Steve Jobs' Personal Life: His Idiosyncrasies, Likes and Dislikes
Steve Jobs, Apple's mastermind who took charge of the golden era of personal computing, led a full life characterized by several idiosyncrasies, some of which portray the amusing personality he was.
Fussy Shopper - Jobs was notoriously choosy of designs that he had to research for months before picking up a gadget or an appliance for his household. I end up not buying a lot of things, because I find them ridiculous, he told The Independent in 2005, at the original iPod Shuffle launch.
Jobs once described how he and his family went about choosing a washing machine for the household. Though he didn't have to worry about the price tag, factors like European versus American design, relative water use, detergent demands, and its time requirement, made him deliberate over it for weeks.
Jobs considered a choosing a washing machine similar to that to buying a phone. You get one of the phones now and you're never going to learn more than 5 per cent of the features. he was quoted as saying. You're never going to use more than 5 per cent, and, uh, it's very complicated. So you end up using just 5 per cent.
No wonder why designers were the most respected people in Apple who reported directly to the CEO. Most people make the mistake of thinking design is what it looks like, he told The New York Times in 2003. People think it's this veneer - that the designers are handed this box and told, 'Make it good!' That's not what we think design is. It's not just what it looks and feels like. Design is how it works.
Dislike for Focus Groups - Jobs never liked the idea of designing according to popular suggestions. It's really hard to design products by focus groups, he told Business Week in 1998. A lot of times people don't know what they really want until you show it to them.
John Sculley, former Apple CEO once reflected on what Jobs thought about product designing, He said, 'How can I possibly ask somebody what a graphics-based computer ought to be when they have no idea what a graphic based computer is? No one has ever seen one before.'
Car Without a License Plate - Jobs drove a silver Mercedes which had a barcode without a license plate. However, he never really got into trouble for a license plate-less car.
Disabled Parking Spots - Jobs didn't really care to find parking space when disabled parking spots were available. Andy Hertzfeld, who was a member of the original Macintosh development team once said, Jobs seemed to think that the blue wheelchair symbol meant that the spot was reserved for the chairman.
According to a popular Jobs legend, reported by Fortune, Apple employees often joked about Jobs being too busy to find a parking space and once put a Park Different note under his windshield wiper.

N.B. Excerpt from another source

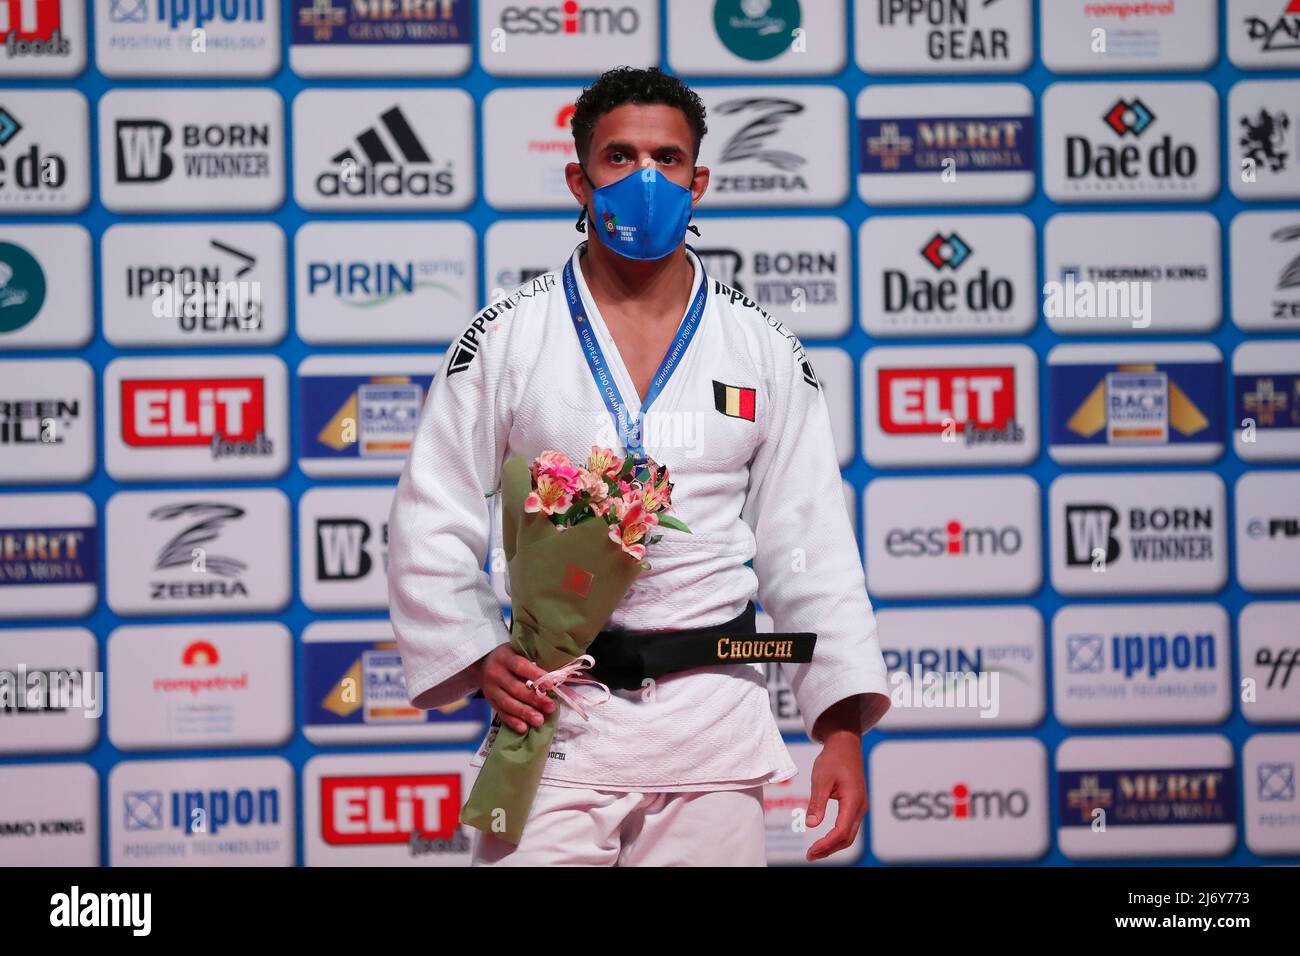 Sofia, Bulgaria, 30th April 2022. Sami Chouchi of Belgium posing with  bronze medal during the medal ceremony in the -81kg during the European  Judo Championships 2022 at Armeets Arena in Sofia, Bulgaria.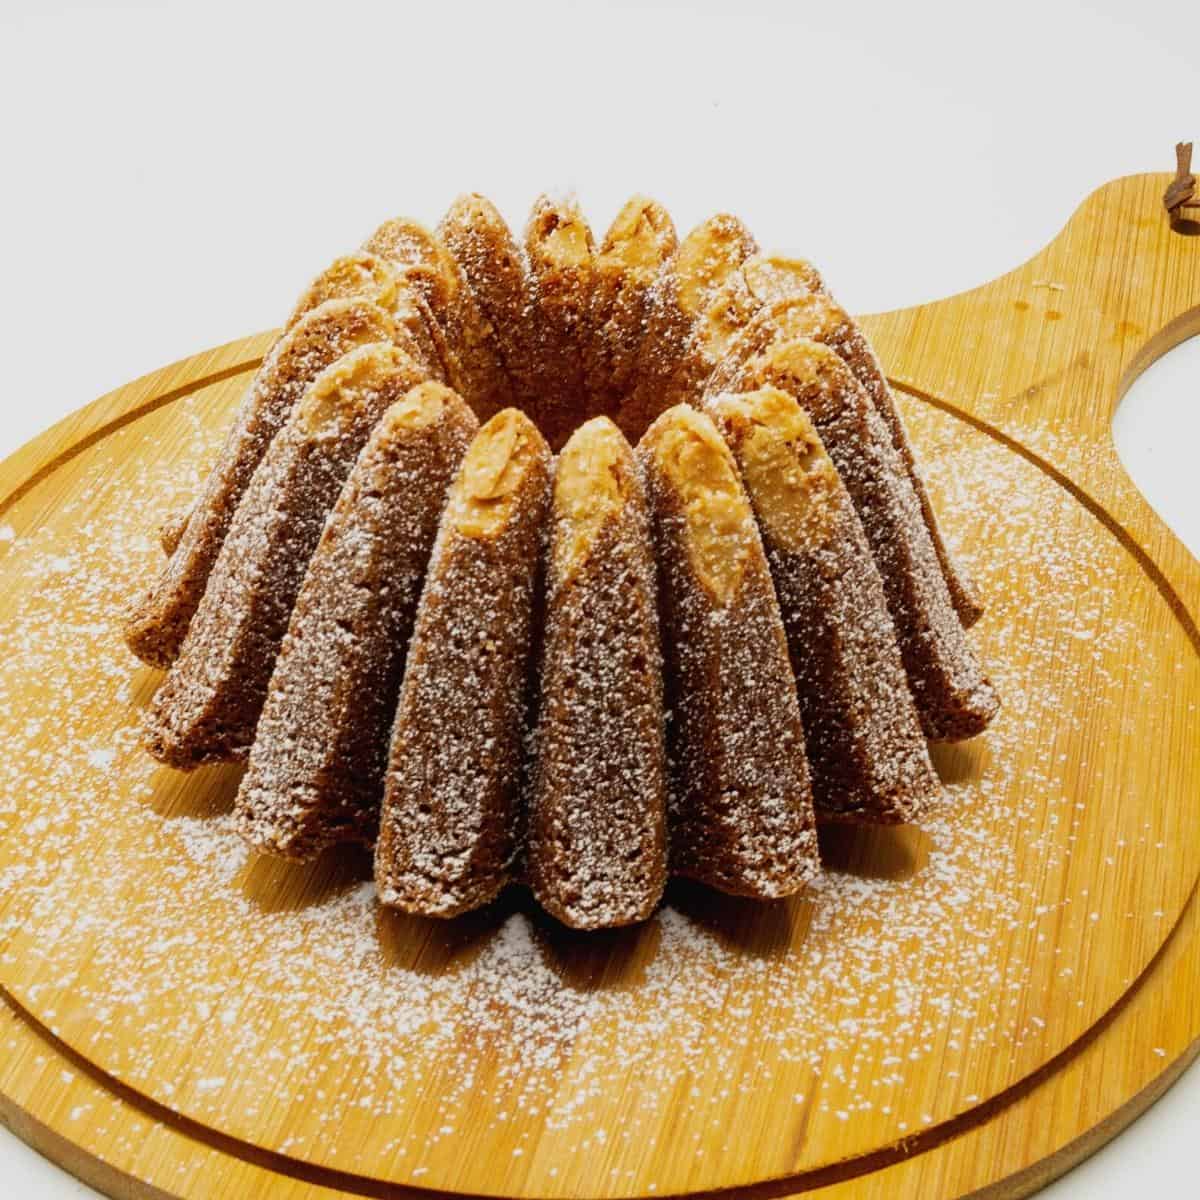 A marzipan bundt cake on a wooden board.

Wannabe Buddhist Monk Who Sold Computers -- Jobs traveled to India, after dropping out of Reed college, to visit Neem Karoli Baba at his Kainchi Ashram with a college friend (and, later, the first Apple employee), Daniel Kottke, seeking spiritual enlightenment. He came back a Buddhist with his head shaved and wearing traditional Indian clothing.
He was quoted saying that he thought of becoming a monk up in a monastery in Japan instead of starting Apple, but his guru Kobun Chino convinced him otherwise. However, Jobs' critics often questioned his stringent management style given that he was a devout Buddhist: Imagine what he'd be like if he hadn't studied buddhism...
His marriage to Laurene Powell on March 18, 1991, was presided over by the Zen monk Kobun Chino Otogawa.
Bob Dylan's Music - Jobs loved playing Bob Dylan's tunes with his guitar during his youth. He liked discussing Dylan's lyrics with his close friends and went as far as dating folk musician Joan Baez, mostly because she was Dylan's unofficial ex-girlfriend, according to his close associates.
French Love - Jobs liked visiting Yosemite, Europe, in general, and Paris, in particular. According to a personal Web site on Jobs, he once said to French journalists that one of his biggest pride was to see an Apple billboard next to the Louvre.